The Jungle Cruise: Romance, Adventure, and the Legacies of Colonialism

By Ryan Minor

Let’s play a game, shall we?

I’m going to mention a word, and I want you and everyone you’re with to remember the first thing you think of when you hear it. Are you ready? Here’s the word: AFRICA.

What did all of you think of? No cheating now, only the first thing that popped into your head counts. Chances are that you thought of something wild or primitive. A lion or a zebra? People wearing masks and throwing spears? A desert? Conflict, famine, or slavery? Perhaps you imagined a Jungle Cruise skipper escorting you down the Congo and the Nile. I can practically hear the corny jokes they tell as they steer you clear of hippos, piranhas, and a savvy headhunter named Trader Sam.

The Banks of the Upper Congo. H.M. Stanley, The Congo and the Founding of its Free State; A Story of Work And Exploration (New York: Harper & Brothers, 1885).

The Banks of the Upper Congo. H.M. Stanley, The Congo and the Founding of its Free State; A Story of Work And Exploration (New York: Harper & Brothers, 1885).

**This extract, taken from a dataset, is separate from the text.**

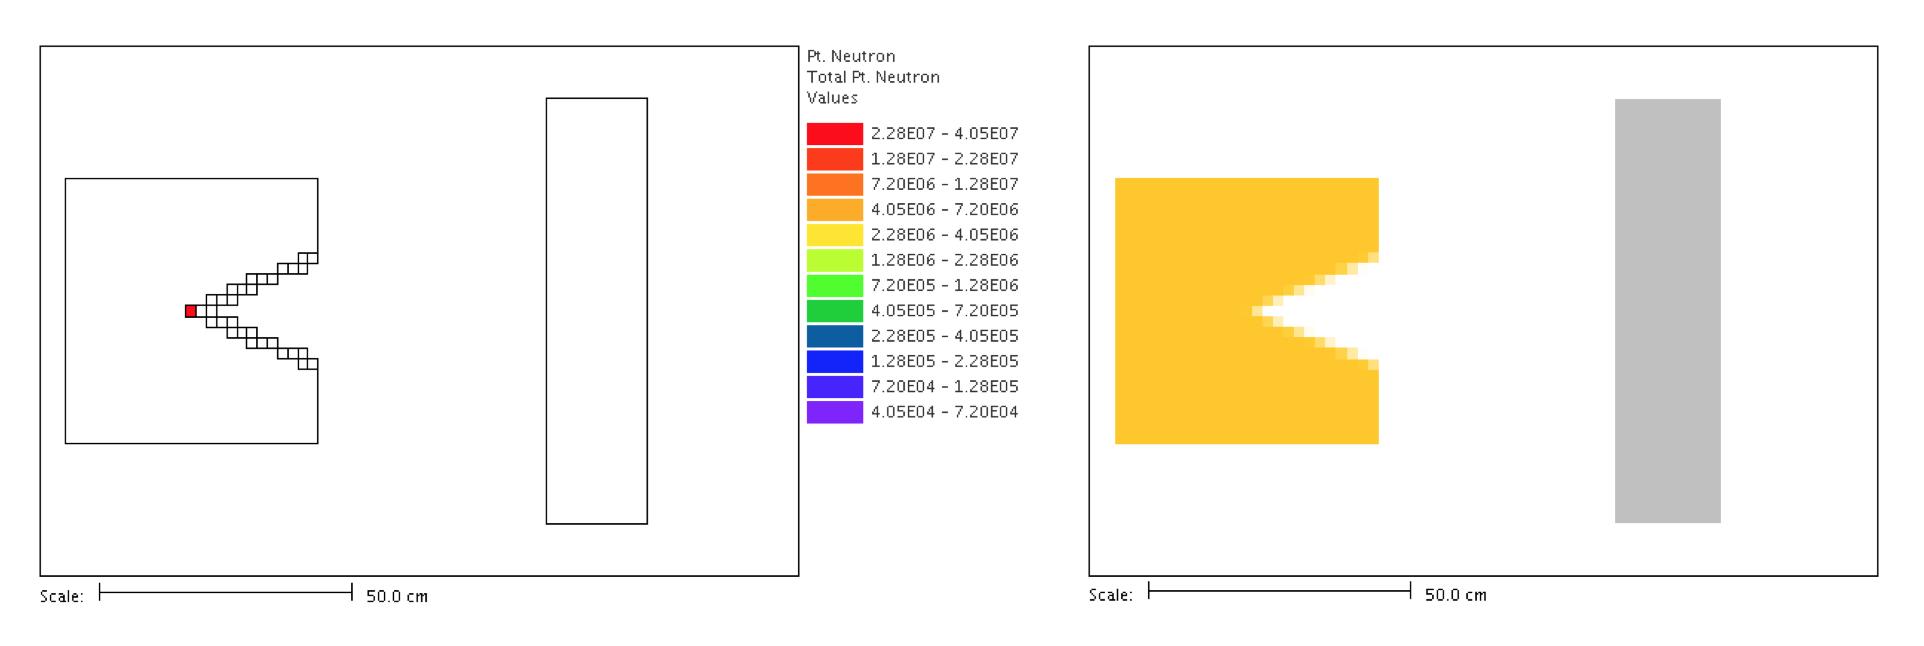 _build/html/_images/fig4c5.png

Here are some other facts about Africa that often go overlooked. Africa is the second largest continent on the globe. It has fifty-four different countries, a total population of 1.2 billion people, thousands of distinct cultures, and some of the world’s largest cities (Lagos in Nigeria has a population of 21 million). It is also home to some of the world’s longest continuous civilizations, including Egypt, Ethiopia, and the Swahili Coast, and one of the oldest universities, Sankore in Timbuktu. This institution has been an important site of Islamic knowledge production since the twelfth century.

So why is it that, regardless of Africa’s true diversity and history, most of us tend to associate the continent with mysterious jungles, dangerous spear-throwers, or exotic wildlife? When Walt Disney described Adventureland, he said, “Here is Adventure. Here is Romance. Here is Mystery. Tropical rivers—silently flowing into the unknown. The unbelievable splendor of exotic flowers…the eerie sounds of the Jungle…with eyes that are always watching.” Where do these notions about Africa come from, and why should we care? To begin to answer these questions, we must first return to nineteenth-century Europe.

A Scramble for Africa

Map of Colonial Africa in the early twentieth century. Credit: Whiplashoo21.

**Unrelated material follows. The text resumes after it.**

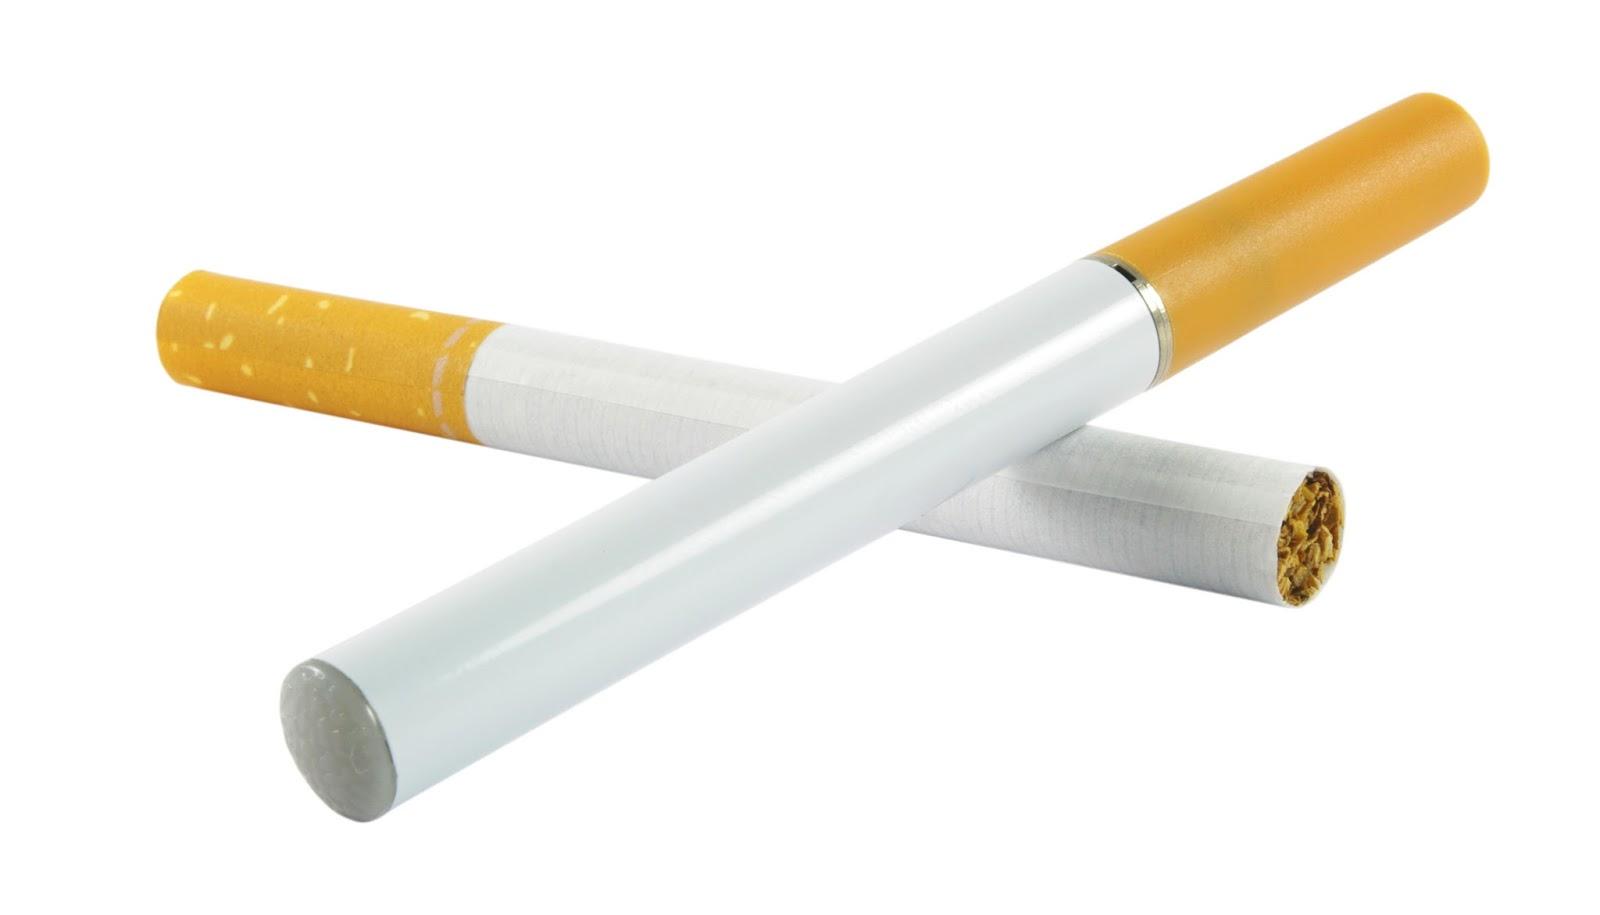 Vaping vs. Smoking: The Facts

Map of Colonial Africa in the early twentieth century. Credit: Whiplashoo21.

In 1884, representatives from fourteen European countries met in Berlin to discuss their interest in developing colonies in Africa. The years following this Berlin Conference witnessed a period of rapid colonization known as the “Scramble for Africa.” By 1914, European nations controlled nearly the entire continent. When Disneyland opened in 1955, all of sub-Saharan Africa was still subject to European colonialism. In order to justify their presence, these nations promoted ideas of Africa as a primitive and “dark” place, in need of the “light” of Western enlightenment and progress.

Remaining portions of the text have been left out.